Carolyne Aarsen
I've recently taken up running. I never thought I'd enjoy it as much as I do. What I like the most about it is I can put on my running shoes, step out the door and go at it. I don't need any special equipment, though I have to confess when I saw the fun shirts at The Running Room I decided I 'needed' some of those to go with my new running shoes. Running has opened up whole new wardrobe options!
But it has also given me a good analogy for my writing. What I love the most about running is having done it. Just like what I love the most about writing, is having done it. I feel great when I come into the house after a run - all rejuvenated and healthy - but there are times when I'm running that part of my mind is saying "That's good enough, you've done enough for now, just walk. Besides, you're tired. You need a rest. Tomorrow you can run a bit more." And then I think, really? Am I really that tired? Couldn't I go just a little further NOW? So I go on a bit more and pretty soon here comes that pernicious voice. "That's far enough now. Just stop. You're knees are getting sore and you're running out of breath. You're not a marathon runner and besides, you're not even going that fast." And back and forth it goes. Sometimes I give in, but mostly I realize that I can carry on my knees are not that sore and who cares how fast I'm going besides the Nike app on the iPhone.

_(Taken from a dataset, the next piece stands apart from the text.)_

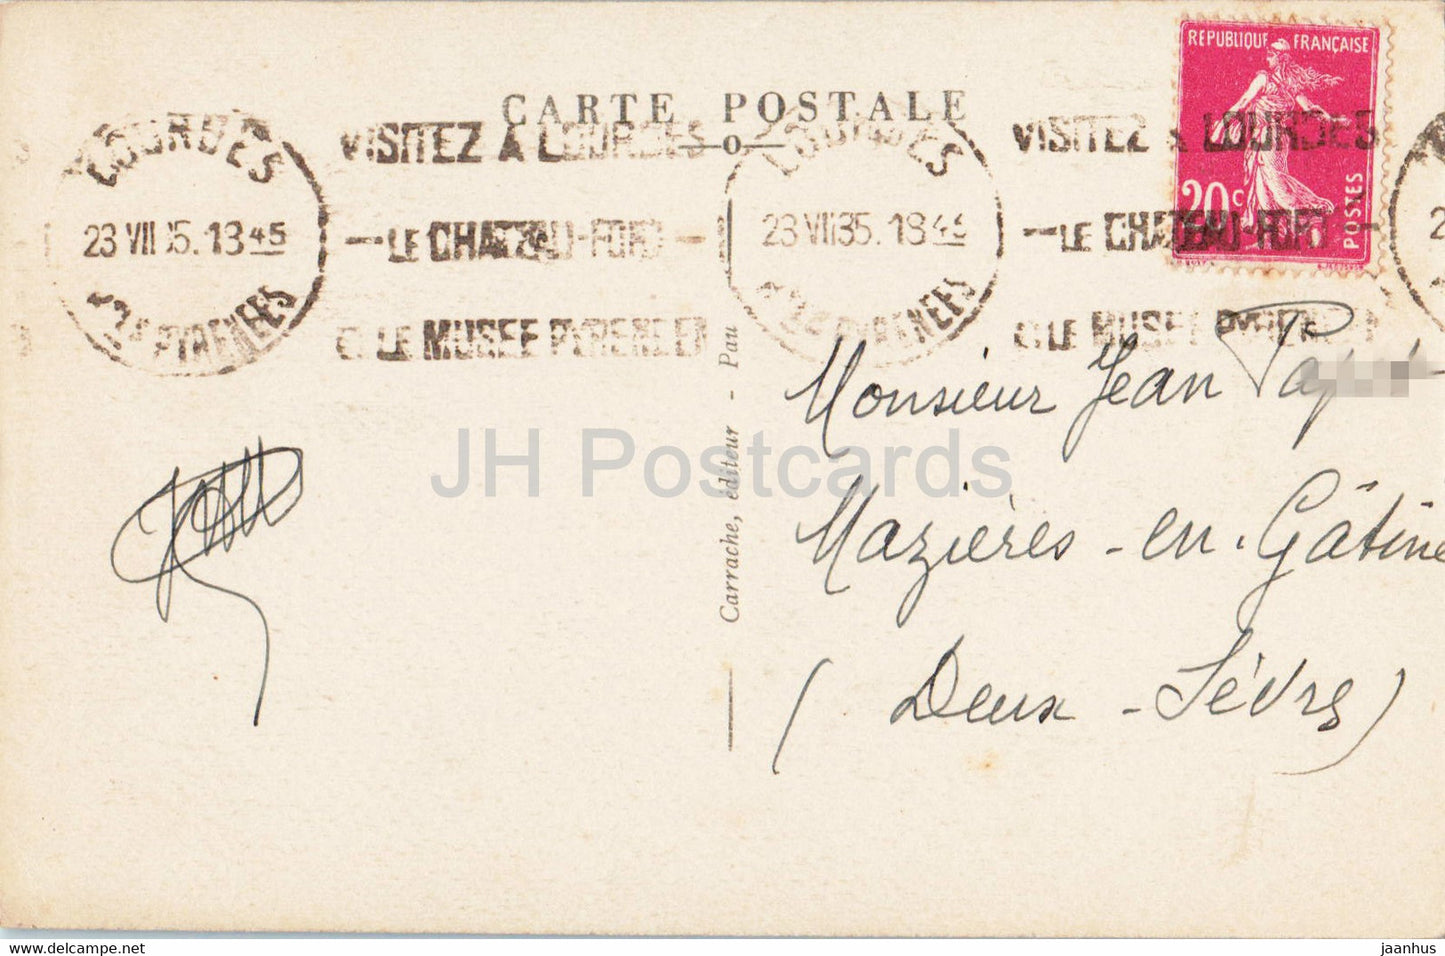 Lourdes - La Basilique - Kathedrale - 70 - alte Postkarte - 1935 - Frankreich - gebraucht

Writing is exactly the same thing. I sit down at the computer, open up my file and shortly after I start working I have that same nagging voice badgering me. "You've done enough writing for the day. Take a break. Play Solitaire, Bejewelled, check Facebook, read your e-mail. Tomorrow you can write more." Sometimes I give in, sometimes I push on. And always, always, I feel better when I've pushed on. Always I'm happier when I get up from the computer, with whatever goals I've set for myself, accomplished.
Writing. Running. Both require ignoring this voice that wants me to fall short of what I know I can do. Both require pushing through the resistance. Both are hard to do. But both give me the same sense of satisfaction when I've done what I set out to do.
What about you? Do you have those same voices in your head that drag you away from thing that are hard - things that require pushing through resistance? What do you do about them?